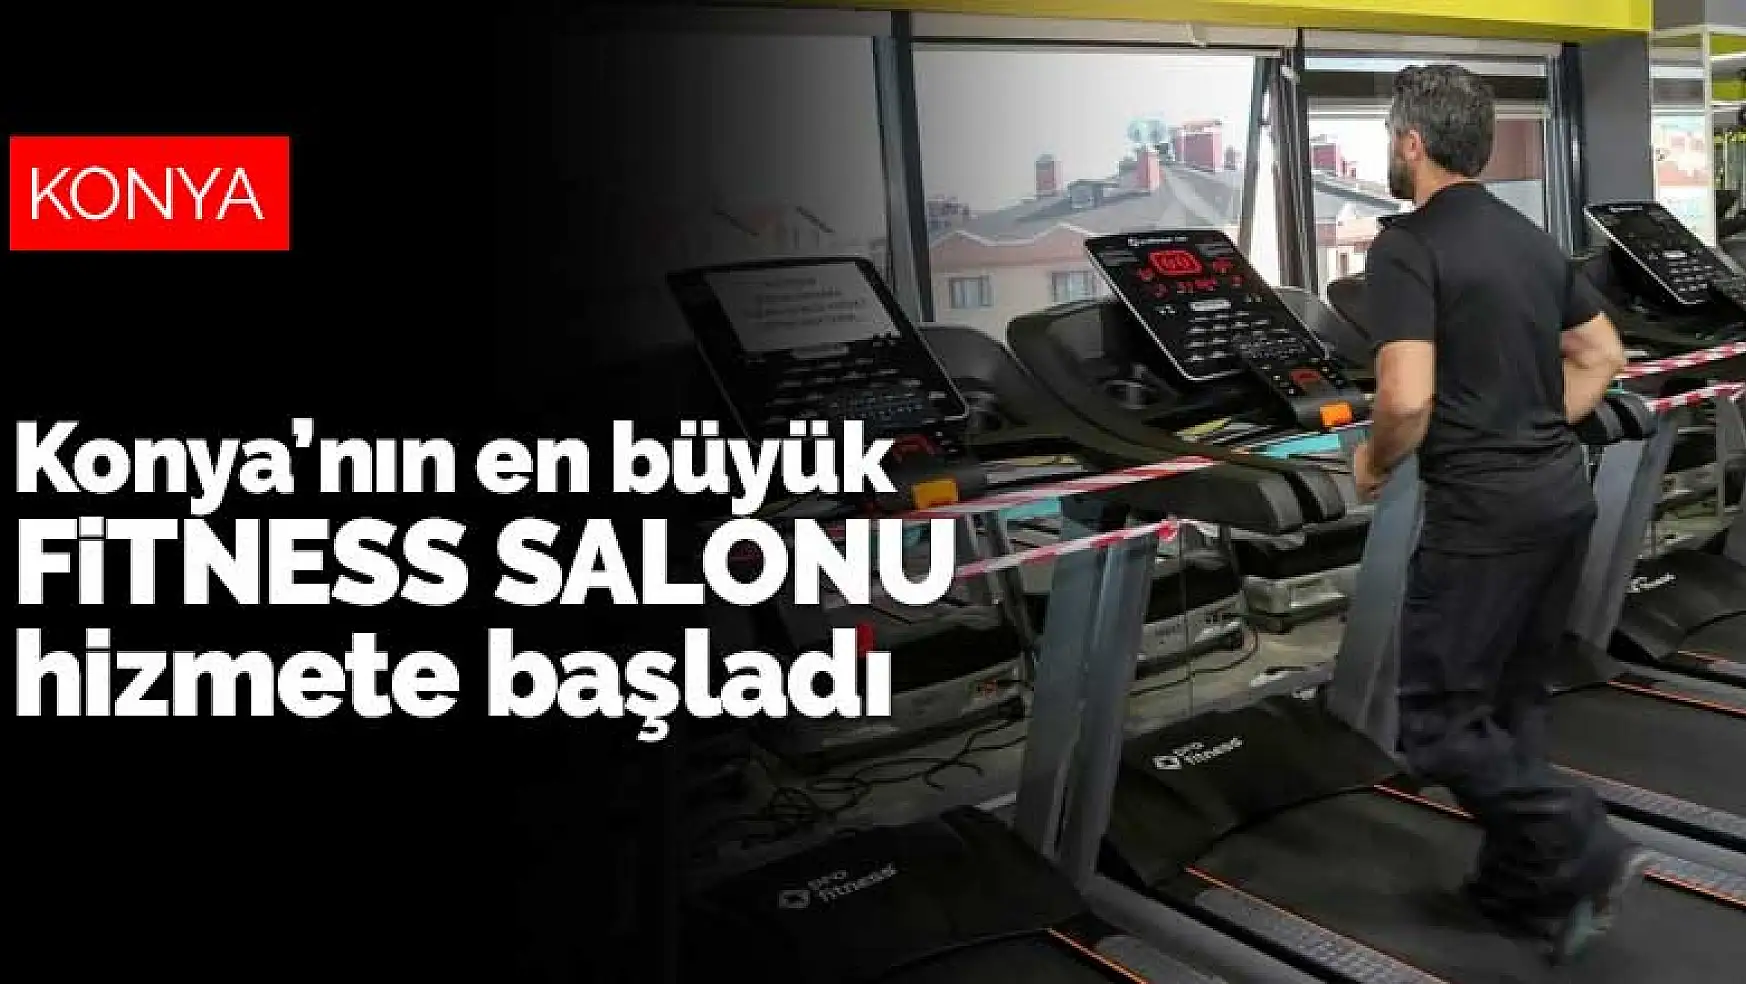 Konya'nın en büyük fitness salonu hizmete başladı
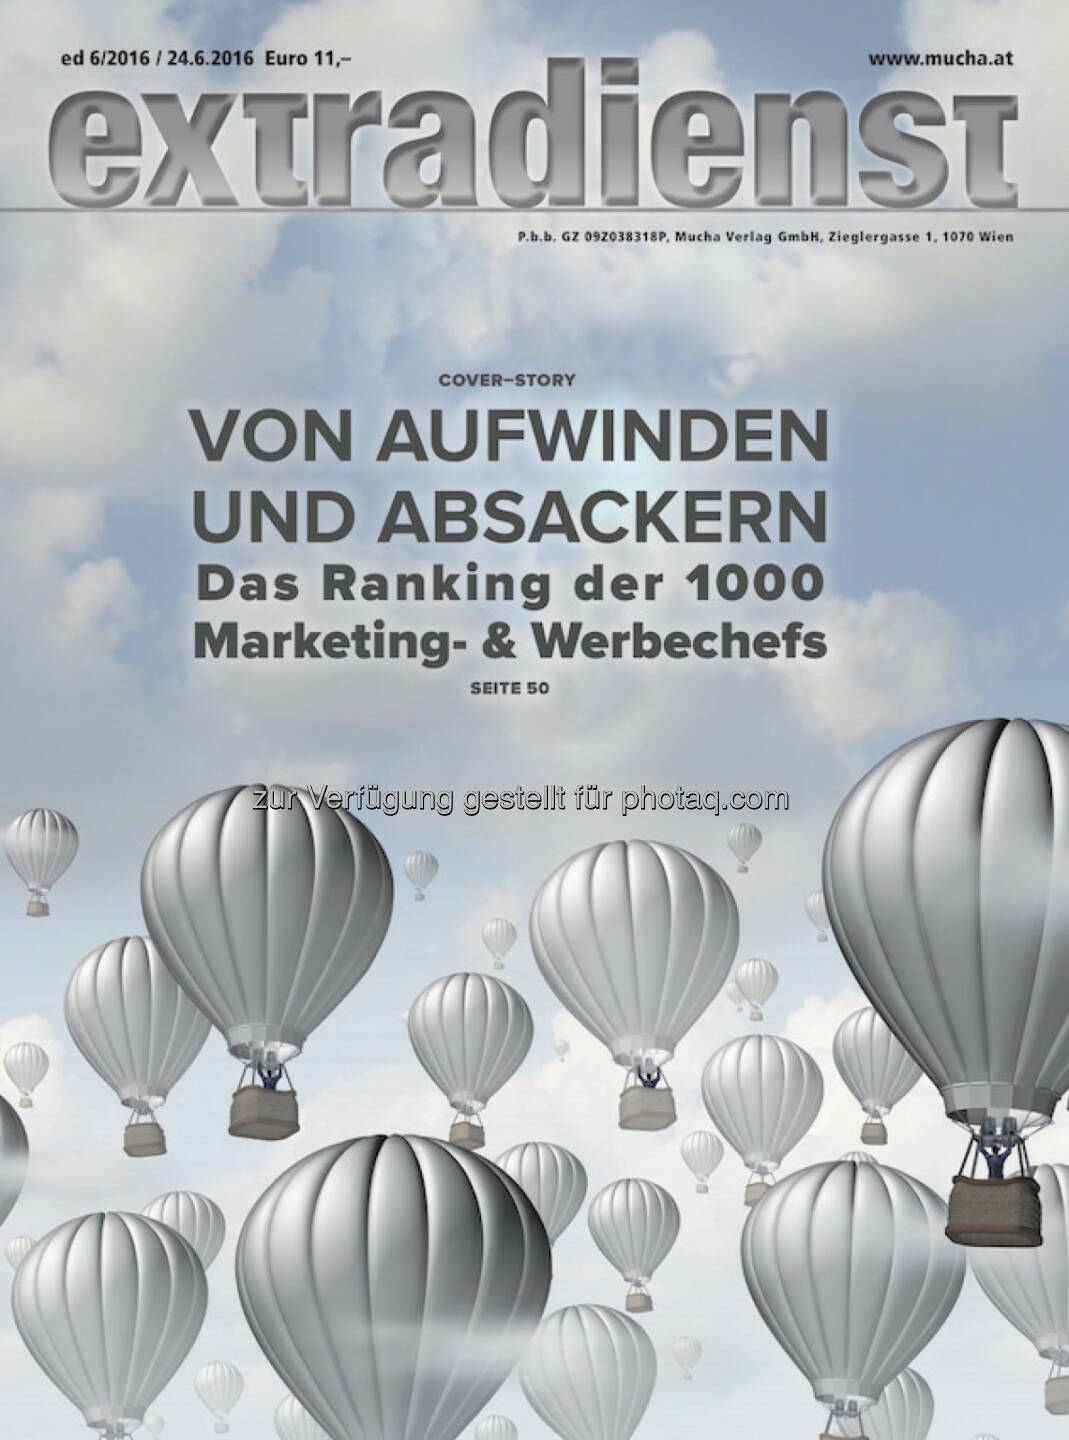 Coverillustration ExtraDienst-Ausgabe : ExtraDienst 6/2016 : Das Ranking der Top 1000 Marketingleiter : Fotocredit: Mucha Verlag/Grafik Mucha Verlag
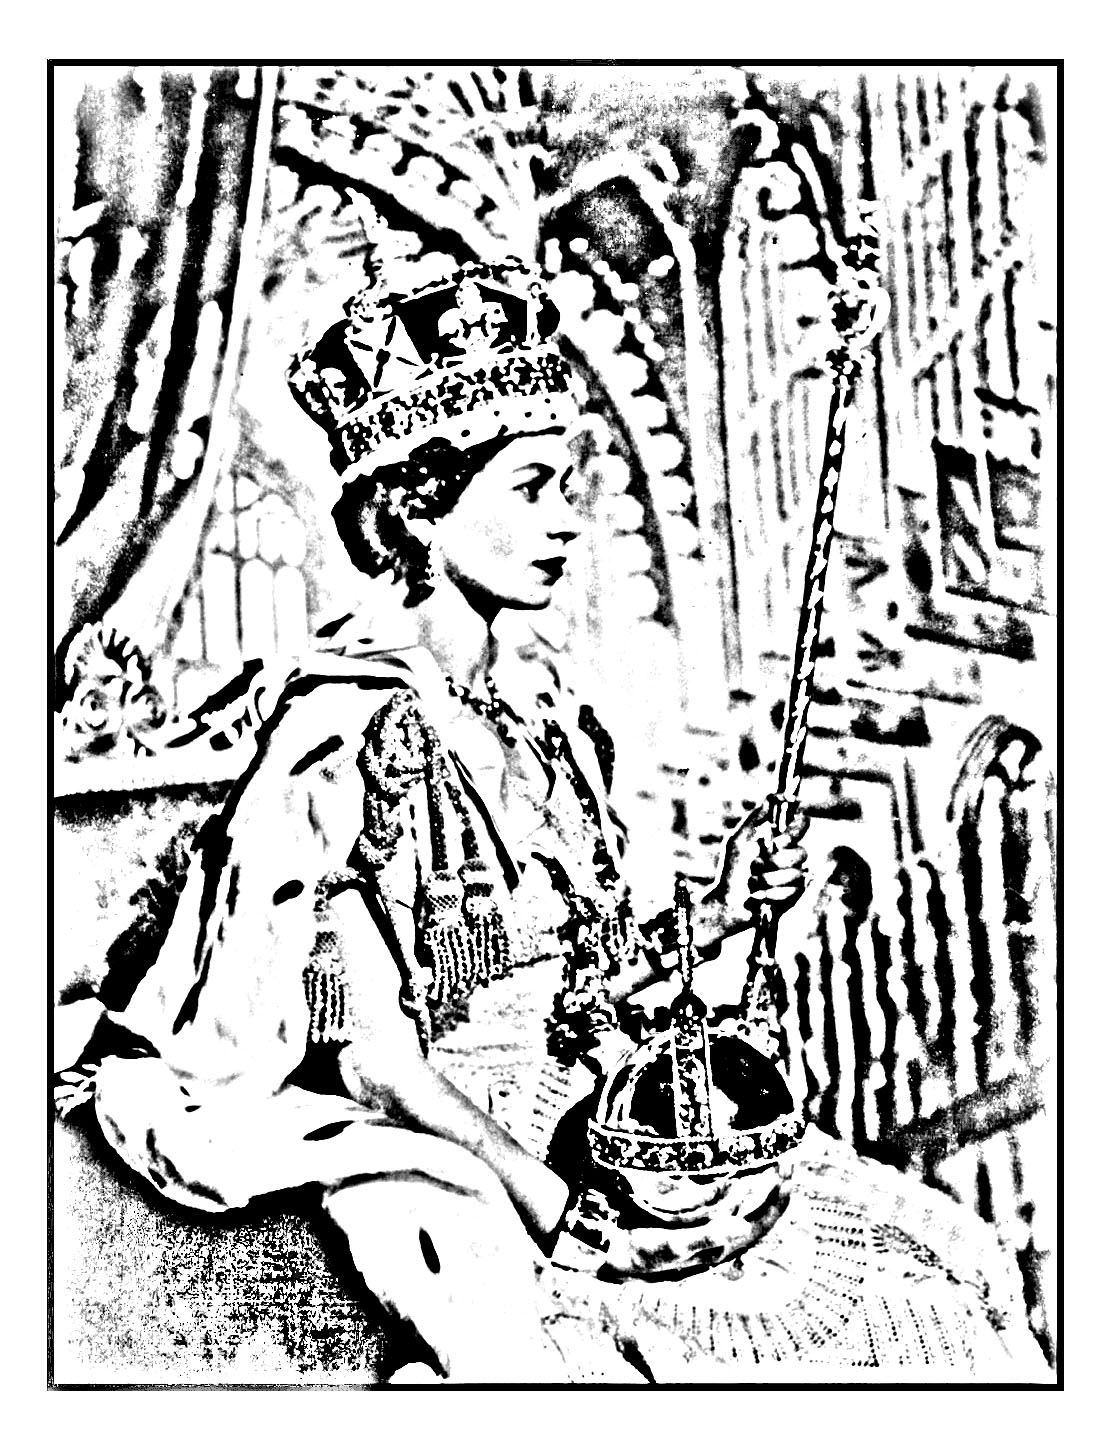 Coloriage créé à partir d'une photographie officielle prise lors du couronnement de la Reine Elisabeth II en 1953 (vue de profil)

- **What to produce**: Exactly as written, restate all of the data, leaving out the images.

- **Response box**:
 Konya'nın en büyük fitness salonu hizmete başladı
 Coverillustration ExtraDienst-Ausgabe : ExtraDienst 6/2016 : Das Ranking der Top 1000 Marketingleiter : Fotocredit: Mucha Verlag/Grafik Mucha Verlag
 Coloriage créé à partir d'une photographie officielle prise lors du couronnement de la Reine Elisabeth II en 1953 (vue de profil)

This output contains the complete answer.